Monday, October 18, 2010

Pension Reform Mobilizes French of All Ages


The crisis in France is coming to a boil as mass protests against retirement benefit reform throttle the country. The malaise is now spreading to all generations, as shown through the nascent student movement rising up in solidarity with those fighting to preserve their once and future pensions. (See video from Euronews here.)

The genesis of the demonstrating is President Nicolas Sarkozy's move to up the minimum retirement age from 60 to 62, a result of aching public coffers that are weathering recovery from the global economic crisis only with extreme duress. The pension cuts have met ferocious resistance and has generated nearly a full week of open-ended general strikes. 

Multiple reports of car fires and clashes with police have ricocheted throughout Europe as troublemakers mix with demonstrators, some still in high school, to join the anti-reform groundswell. 

Young people expressed both anger over the reform, seen in much of the country as draconian, and fears over recession-time prospects in the transition from their status of student to job seeker.



In a separate but no less serious development, French oil refinery workers have jumped on the bandwagon for the resistance by refusing to work while motorists of all stripes panic over how their fuel is to last. The oil industry lobby estimates that shortages will be felt by mid-week if no major change takes place.    

... Roger Cohen of the International Herald Tribune counters, "this reform is a no-brainer. Come on, France, get real!"

UPDATE: "France, the Unions and Fiscal Reality," 10/19/10. 

Europe Under China: The EU's U.N. Tug-of-War




NYT/IHT journalist Judy Dempsey serves up some interesting perspective on Germany and Portugal's recent assession to nonpermanent seats to the UN Security Council.

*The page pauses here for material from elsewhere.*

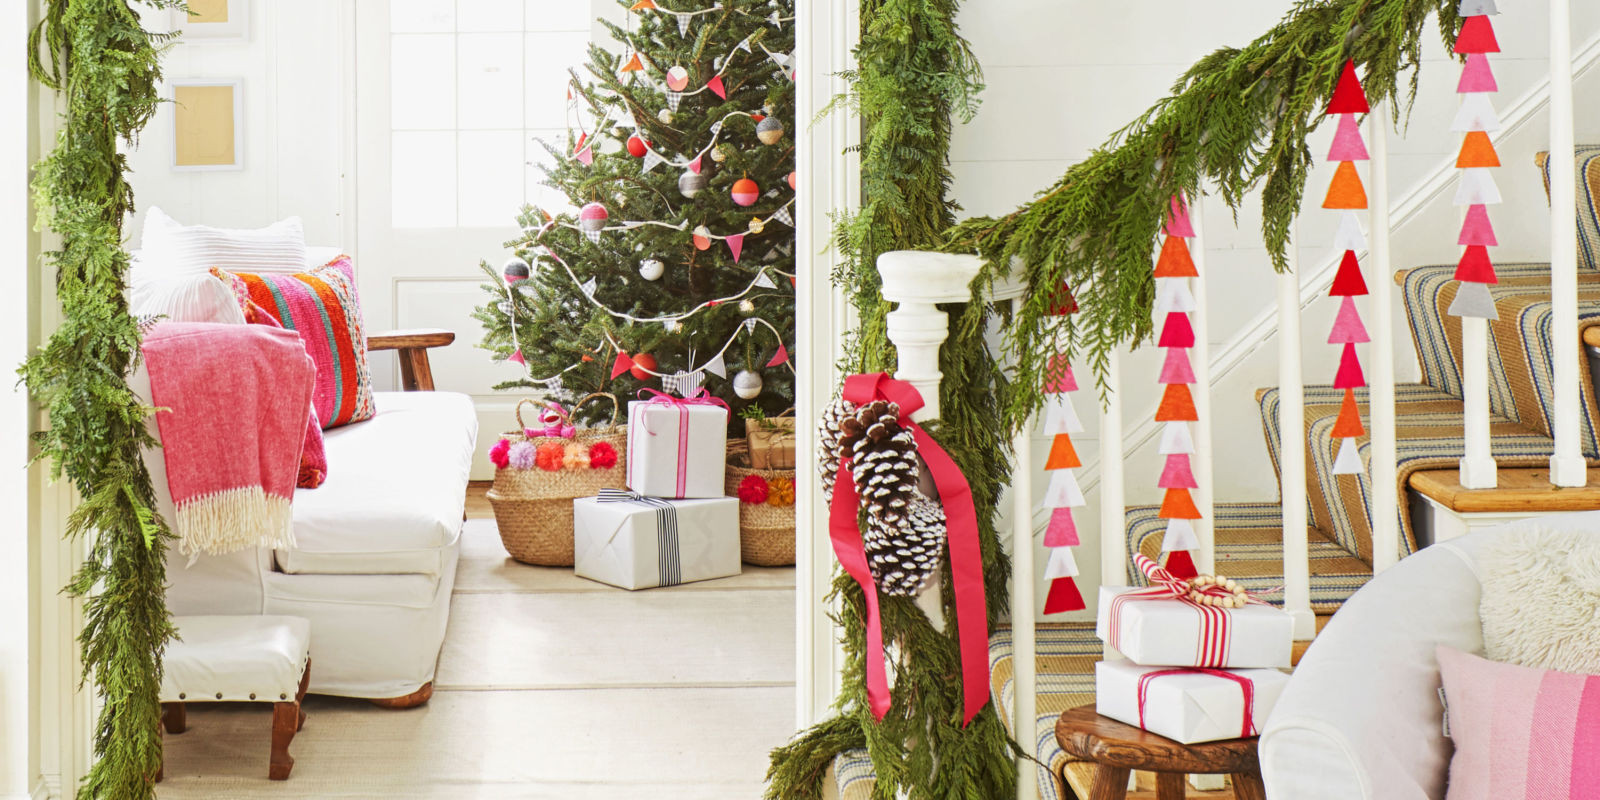 Best ideas about DIY Christmas Home Decor
. Save or Pin 80 DIY Christmas Decorations Easy Christmas Decorating Ideas Now.

She uses China as an axis of comparison with western powers' UN moves, catering to the center of focus for the American majority of her piece's readers. 

By default, her article relegates Europe to the same observer status Germany and Portugal have just won. 

The following excerpts bring the China element to the fore:

"Europe’s decline is partly linked to China’s growing influence as an economic power, donor and lender. From Belarus to Iran, across Africa and Latin America, China is lending money, forging trade deals and building roads, airports and schools while tapping the natural resources of these countries.

And there are no strings attached. “China sets no conditions, unlike the E.U., which often sets them in an inconsistent way” [quoted from source]. Indeed, China’s way of doing things is seen as a direct challenge to Europe’s dominance in development aid and trade agreements."
And:
"... With the radical shifts in global influence led by China, Europe’s influence is waning, and fast.
The E.U.’s hopes of supporting human rights and democracy around the world are at risk of being defeated by changes in the global balance of power,” said Anthony Dworkin, international law expert at the European Council on Foreign Relations. Nowhere is this more obvious than at the United Nations, where the Union has suffered embarrassing defeats.
Last month, it failed to win expanded rights to the General Assembly, where it has observer status. A new status would have allowed Brussels the right to make proposals, circulate documents and address the Assembly.
To the dismay of  Catherine Ashton, the Union’s high representative for foreign affairs and security policy [as implemented by the EEAS], some of Europe’s closest allies — Australia, Canada and New Zealand — abstained. Diplomats blamed the Union’s lack of strategy and consultation.
“The E.U.’s shambolic defeat was more than a humiliation,” said Paul Luif, Europe expert at the Austrian Institute for International Affairs in Vienna. “It showed the growing lack of support for an E.U. that seems more and more ineffective at the U.N.”

The article's title is "
For Europe, a Challenge to Make Its Voice Resonate." Sounds more than a bit like "Europeans Woo U.S., Promising Relevance," also from the New York Times. One of its most prominent columnists, Roger Cohen, has similarly declared that "Europe is history," a "strategic backwater."

If what is arguably America's most Europhile newspaper sees grim days ahead for Europe, it should be equally gloomy -- and disconcerting -- to ponder the EU's eclipse within the UN Security Council specifically.